I first encountered the idea of frozen scones on vacation in Michigan. The Lake Street Market in Boyne City, MI sells rolls of their delicious apple walnut scones (and about a million other varieties) already frozen. What better for a summer lake house than a few scones in the freezer, just waiting to bake up and lure you to the breakfast table?
Scones are ideal to freeze because of their low moisture content: the dough is more similar to cookie dough than say, muffin batter, and freezes without undergoing too many funky changes. Scones work best frozen in individual portions — triangles, biscuit shaped, or whatever suits your mood. Now, what makes a frozen scone really blossom is the finishing touches. We always brush ours with a bit of cream and sprinkle with sugar so the tops brown and sparkle.
Freezing scones before baking makes for a fresher reheating experience than freezing them straight from the bakery. Depending on how many you plan on baking at once, freeze scones one by one in foil and plastic wrap, or freeze the whole batch on a baking tray and combine in a heavy duty plastic freezer bag once frozen.
Take scones out of the freezer when the oven is preheating. Place them on buttered baking sheets (or sheets lined with Silpat) and brush with cream and sprinkle with sugar. If the recipe calls for a glaze, keep with the instructions and hold off until they come out of the oven. By the time the oven warms, the scones will have lost some of their chill -- there's no need to thaw them. Bake as directed and keep an eye on them because the baking time will vary.
Here are some scone recipes just begging to be frozen for a rainy Sunday morning:
• Apricot Yogurt Scones
• Honeyed Grapefruit Oat Scones
• Banana Bread Scones with Brown Sugar Glaze
• Fresh Cranberry Scones
Related: Breakfast on the Go: Scones
(Images: Flickr user whitneyinchicago licensed for use under Creative Commons)
TW Salt Mill by Wil...

You can do this with muffins, too. Line muffin tins, fill with muffin batter, freeze, then pop the frozen muffins out of the tin and put in a bag. What I love about this (and am sure I will love about the scones) is that I can make just what I need for one morning.
I do this with buttermilk biscuits, which is SO handy and great to have fresh-baked ones on a weekday morning. As noted above, I don't thaw--although I do find they usually take a couple minutes longer in the oven than the non-frozen baking time. My go-to scone recipe is for drop scones, and the batter is quite wet, so I only ever freeze those after baking. But very intrigued by Superdewa's comment above--great tip! I'll have to try that, both with muffins and my drop scones...
This is my FAVORITE breakfast - there's nothing better than getting the coffee started, hopping in the shower, and emerging with breakfast warm and toasty and waiting for you in the oven. Some coffee and fruit and I'm a very happy gal!
My favorite scone recipe is Smitten Kitchen's Oat and Maple Syrup Scones. It's hearty and freezes beautifully!
i would like to know what kind of scones are featured in the picture? they look delicious!
I love Lake Street Market! Each summer these are staples on the breakfast table of my friend's cottage. This year I ordered some to enjoy at Christmas. As I live nowhere near Boyne City I had them sent to my house. They were very nicely packaged, still frozen when they arrived. Delicious! I ordered 1 sweet (apple walnut) and 1 savory (ham and cheese)...Each log can be sliced into 6-8 pieces....My mouth is watering just writing about them!

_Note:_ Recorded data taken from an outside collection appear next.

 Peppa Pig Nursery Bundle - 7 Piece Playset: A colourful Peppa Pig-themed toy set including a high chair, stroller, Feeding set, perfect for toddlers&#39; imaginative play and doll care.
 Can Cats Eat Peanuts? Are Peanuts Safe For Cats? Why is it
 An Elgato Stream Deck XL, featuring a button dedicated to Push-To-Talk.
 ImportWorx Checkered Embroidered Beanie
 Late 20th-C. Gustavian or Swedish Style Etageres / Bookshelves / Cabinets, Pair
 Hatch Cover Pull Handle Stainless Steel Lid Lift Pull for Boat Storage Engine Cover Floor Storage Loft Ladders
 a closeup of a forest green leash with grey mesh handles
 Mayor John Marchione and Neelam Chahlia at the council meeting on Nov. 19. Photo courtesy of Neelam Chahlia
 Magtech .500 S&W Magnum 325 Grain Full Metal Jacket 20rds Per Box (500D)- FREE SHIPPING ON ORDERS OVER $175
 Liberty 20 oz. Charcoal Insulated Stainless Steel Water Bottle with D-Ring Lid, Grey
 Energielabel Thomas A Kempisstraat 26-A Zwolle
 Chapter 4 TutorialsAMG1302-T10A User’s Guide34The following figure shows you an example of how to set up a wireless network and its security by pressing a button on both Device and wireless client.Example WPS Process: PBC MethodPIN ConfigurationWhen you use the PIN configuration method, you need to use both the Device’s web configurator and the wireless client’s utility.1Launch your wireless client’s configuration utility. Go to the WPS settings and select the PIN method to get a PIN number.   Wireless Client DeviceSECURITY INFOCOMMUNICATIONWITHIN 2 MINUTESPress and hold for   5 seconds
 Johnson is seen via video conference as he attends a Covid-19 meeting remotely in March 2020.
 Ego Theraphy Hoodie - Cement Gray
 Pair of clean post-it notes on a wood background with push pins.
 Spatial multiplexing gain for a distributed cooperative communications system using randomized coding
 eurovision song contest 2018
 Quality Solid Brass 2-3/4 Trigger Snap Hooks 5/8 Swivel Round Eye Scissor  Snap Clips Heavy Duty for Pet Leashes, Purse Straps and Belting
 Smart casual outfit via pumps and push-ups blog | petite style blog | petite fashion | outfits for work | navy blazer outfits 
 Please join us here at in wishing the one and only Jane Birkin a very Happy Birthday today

awesome picture! these look so flaky and heavenly..
I freeze the unbaked dough - and bake later. "Prebaked" dough sounds to me like something that's been partially baked. which messes up cooking times no end.
After reading the article, the title is confusing - maybe it meant to say "pre-made?" I do the same as Aperocot when I make cream scones - make the dough, cut, and freeze, and just add a few minutes to the baking time when baking from frozen. They turn out perfectly. Muffins, on the other hand, I actually find turn out better if frozen after they're baked and just rewarmed as needed (same goes with any other quick bread).
I have to say that I prefer to freeze scones after baking. I've found freezing the dough unbaked really kills the texture.
I love this in theory, but whenever I make anything I want to eat it RIGHT NOW. I'll continue to be the kind of person who only fantasizes about having unbaked dough waiting in her freezer.